Staff Reviews: Shame by Ruth Woods, Box Office Assistant

Steve McQueen’s new film had already created a lot of discussion before most people had seen it. This is probably to do with its theme. Sex addiction. The story centres around Brandon, played brilliantly by Michael Fassbender, and within the first ten minutes we have an understanding of his world that just seems to be on a continuous loop. A world that involves hiring prostitutes, downloading pornography, relieving himself at work and at home and always looking for another conquest. The same way a drug addict is looking for their next hit. The opening sequence is beautifully narrated by Harry Escott’s score and very little dialogue is used or needed to describe how he lives his life. We see him meet an attractive woman on the subway. They don’t speak to each other but all the flirting and lust is displayed with simple looks and glances.
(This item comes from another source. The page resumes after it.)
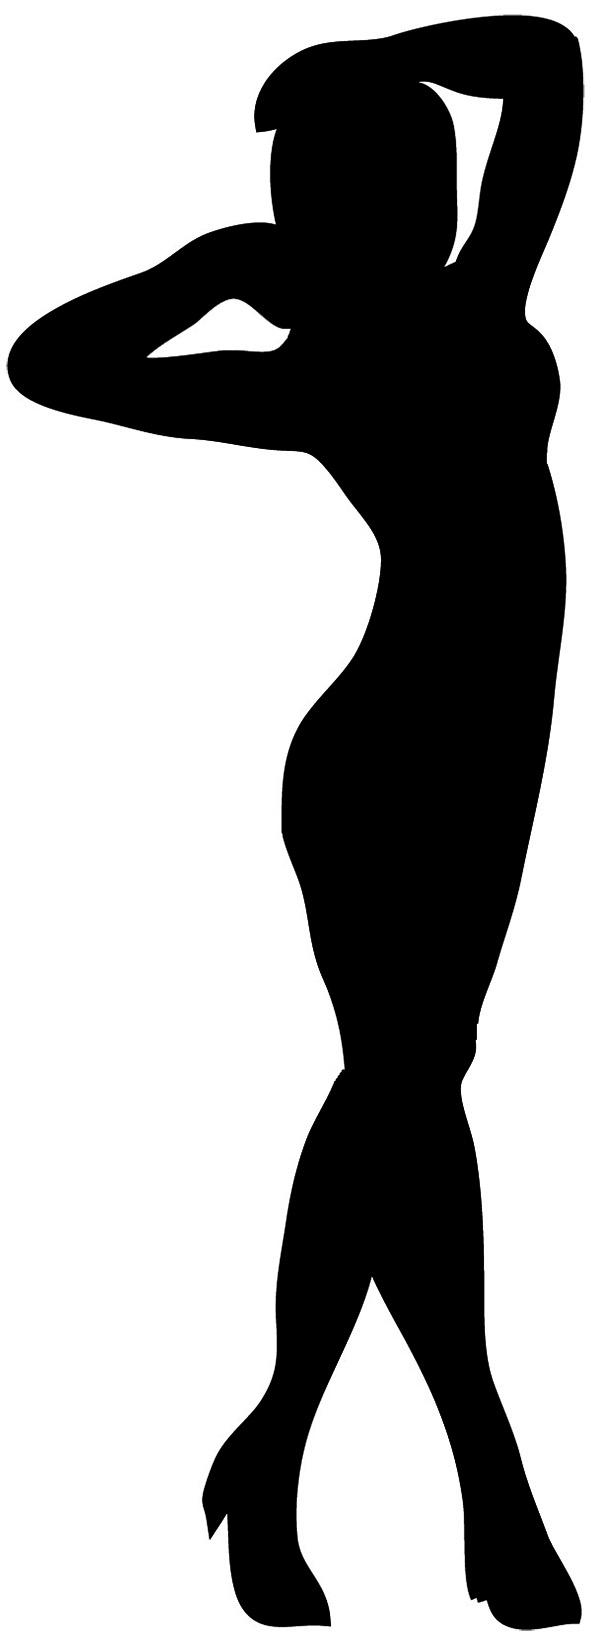 Black silhouette clipart jpg transparent stock Female Silhouette jpg transparent stock

The arrival of his sister Sissy completely changes the mood and environment he has created. There is an obvious tension and a suggestion of a traumatic childhood that is kept a mystery. A scene in which Sissy (Carey Mulligan) sings “New York, New York” produces one of the most intense scenes of the film. The emotion that Mulligan displays whilst singing is heartbreaking and there was a beautiful silence from the audience after she finished. You get the feeling that you are watching a story about two very broken and damaged people. Brandon struggles to get used to Sissy living in his world. There are awkward moments between them and the boundary of their relationship becomes slightly blurred after she accidently walks in on him relieving himself again. Some people have commented that there is a suggestion of an incestuous relationship between the two characters. However, there is something very childlike about them. It is as though we have reverted back to a time when they were younger and felt safer.
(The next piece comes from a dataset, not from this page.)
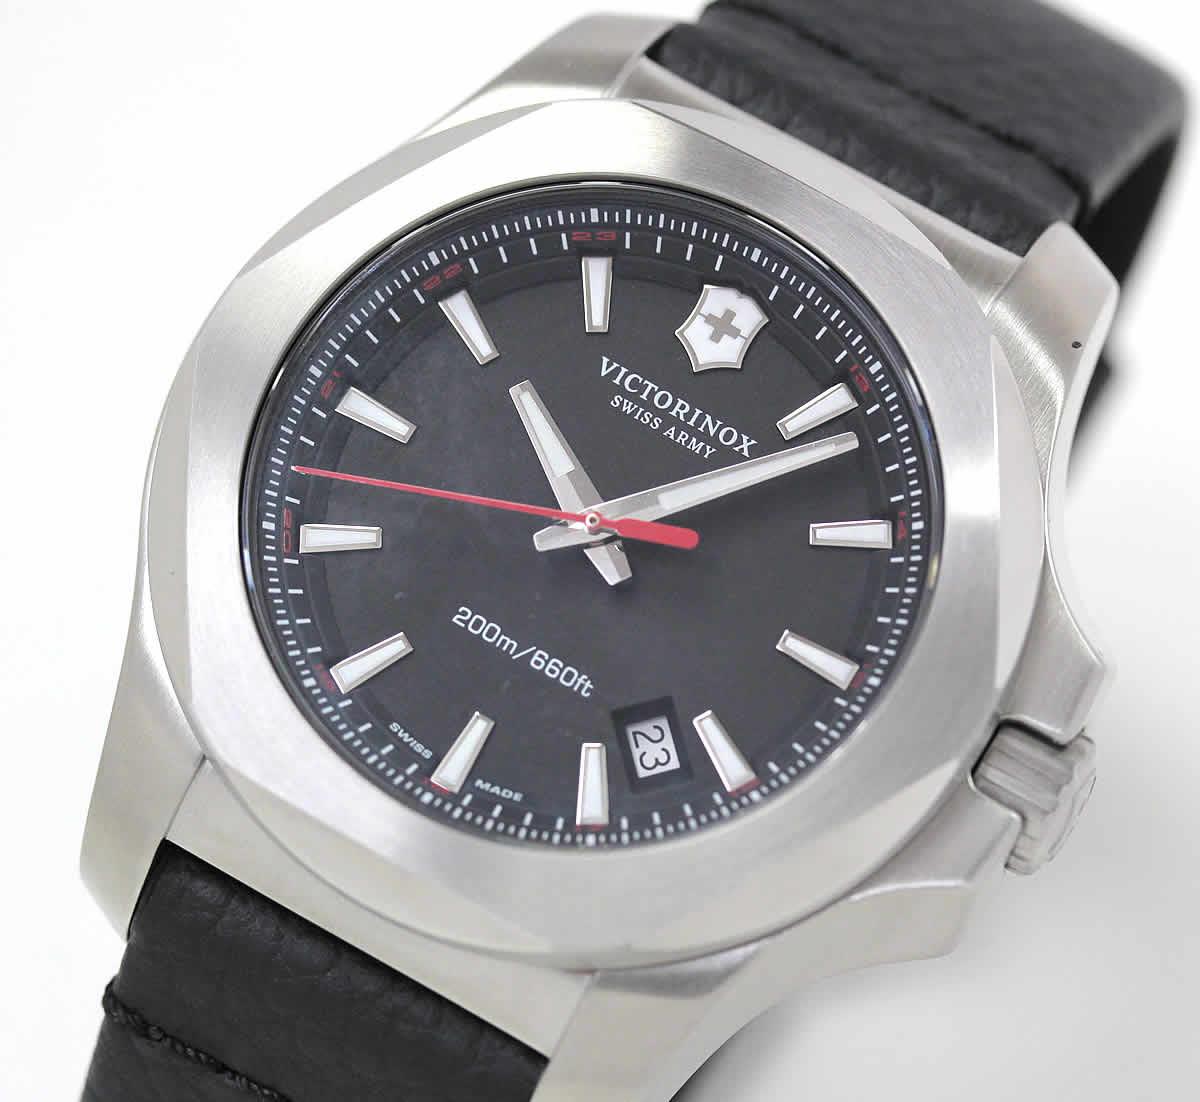 INOX ビクトリノックス  腕時計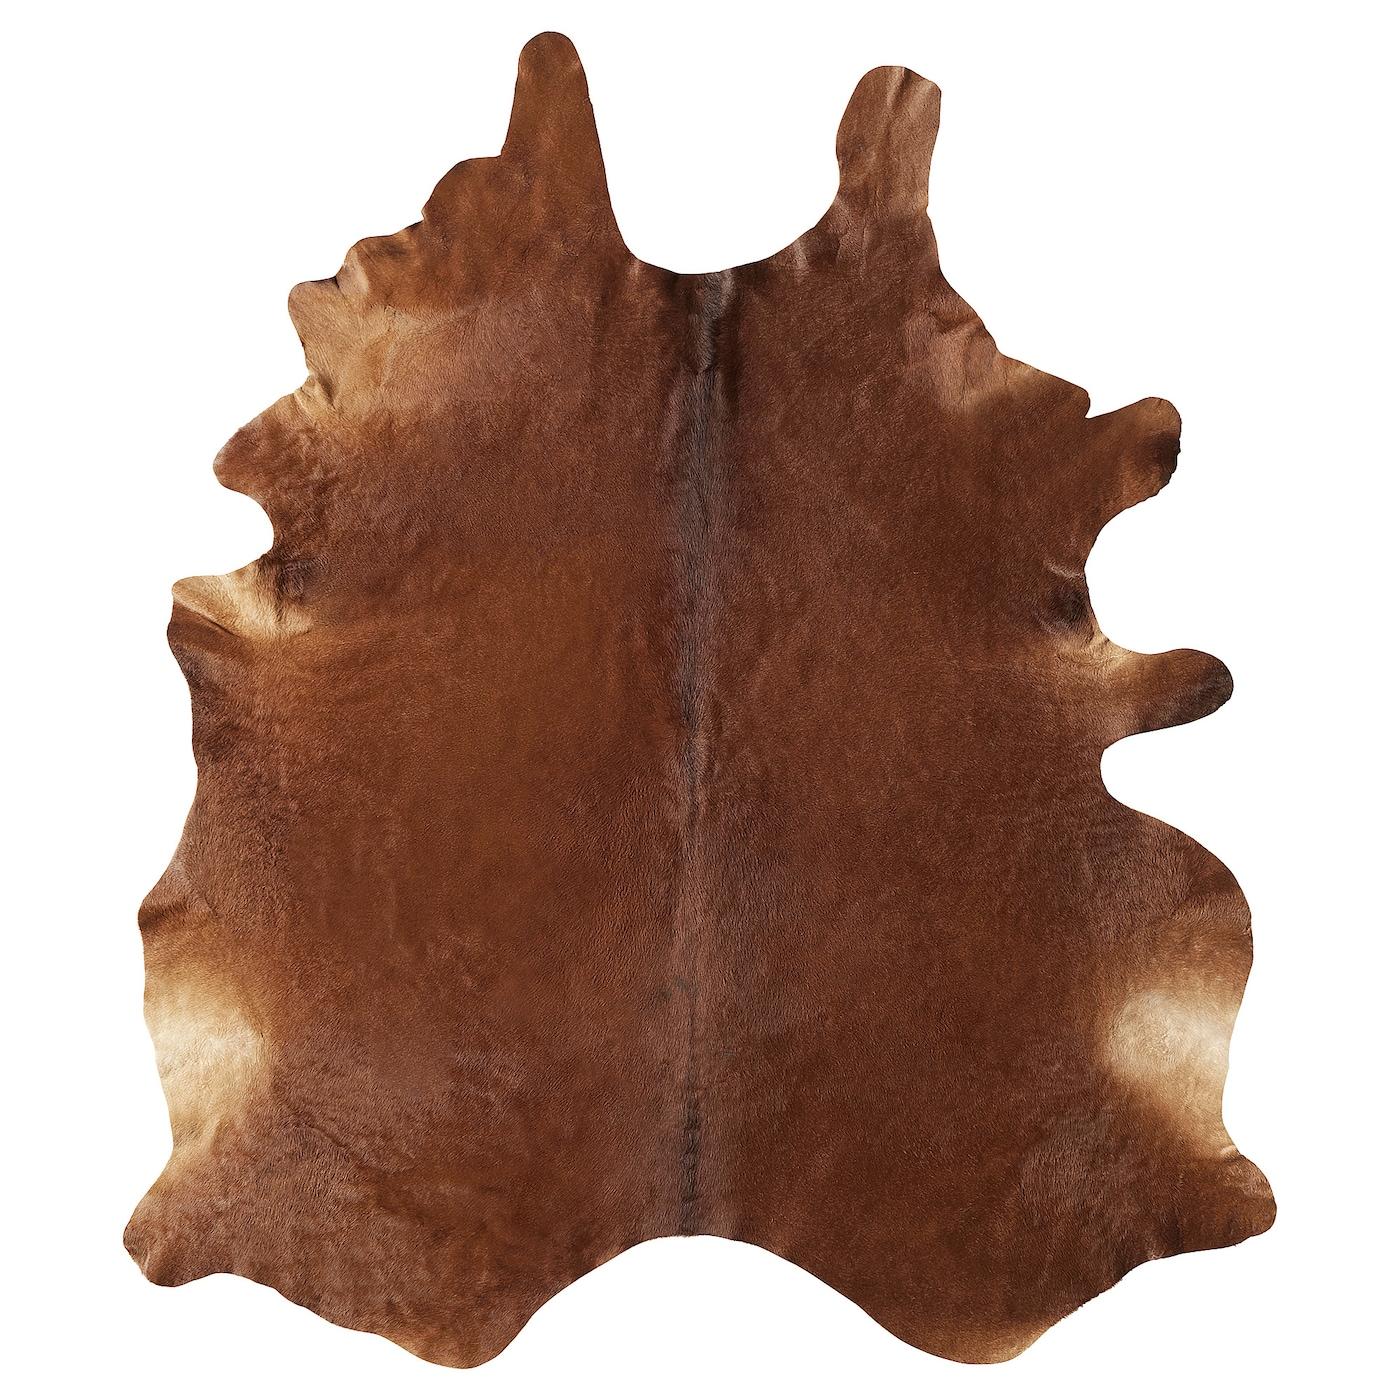 Shop KOLDBY Brown Cowhide Rug from Ikea on Openhaus

Brandon is ready to deal with his demons as he ventures out into the real world and goes on a date with his co-worker Marianne. The date scene provides some comic relief in the form of the waiter (Robert Montano) who gives a lovely scene stealing performance. There is something very sweet and old fashioned about their date. As Brandon walks her to her subway stop and there is no invitation for sex. It seems that Brandon might be ready to try a relationship with someone he has genuine feelings for. However, like any addiction isn’t easy to stop, Brandon needs his fix in whatever form he can get it.

This film is very bleak and uncomfortable to watch at points. Very few films have managed to capture the darker side to New York that makes it seem cold, grey and seedy but McQueen has done this perfectly. Michael Fassbender and Carey Mulligan are excellent and they both give outstanding performances. Although filmed in New York, the film was made by a British Director, funded by British companies and stars two very talented British actors. It’s an excellent example of how much talent there is in British cinema.

Be fully prepared for what you are going to watch as “Shame” doesn’t hide its subject matter. Cynics may point at this as a fictional addiction, an excuse created by someone who just enjoys a lot of sex. However, this is far from a film just about sex. What it shows is the heartache, discomfort and anguish an addict faces. This is a brilliant film from Steve McQueen. But not one to watch with the parents!

Ruth Woods works as a Box Office Assistant at Phoenix Square. In her spare time she likes to stalk her favourite actors. Currently: Benedict Cumberbatch who lives at 221b Baker Street.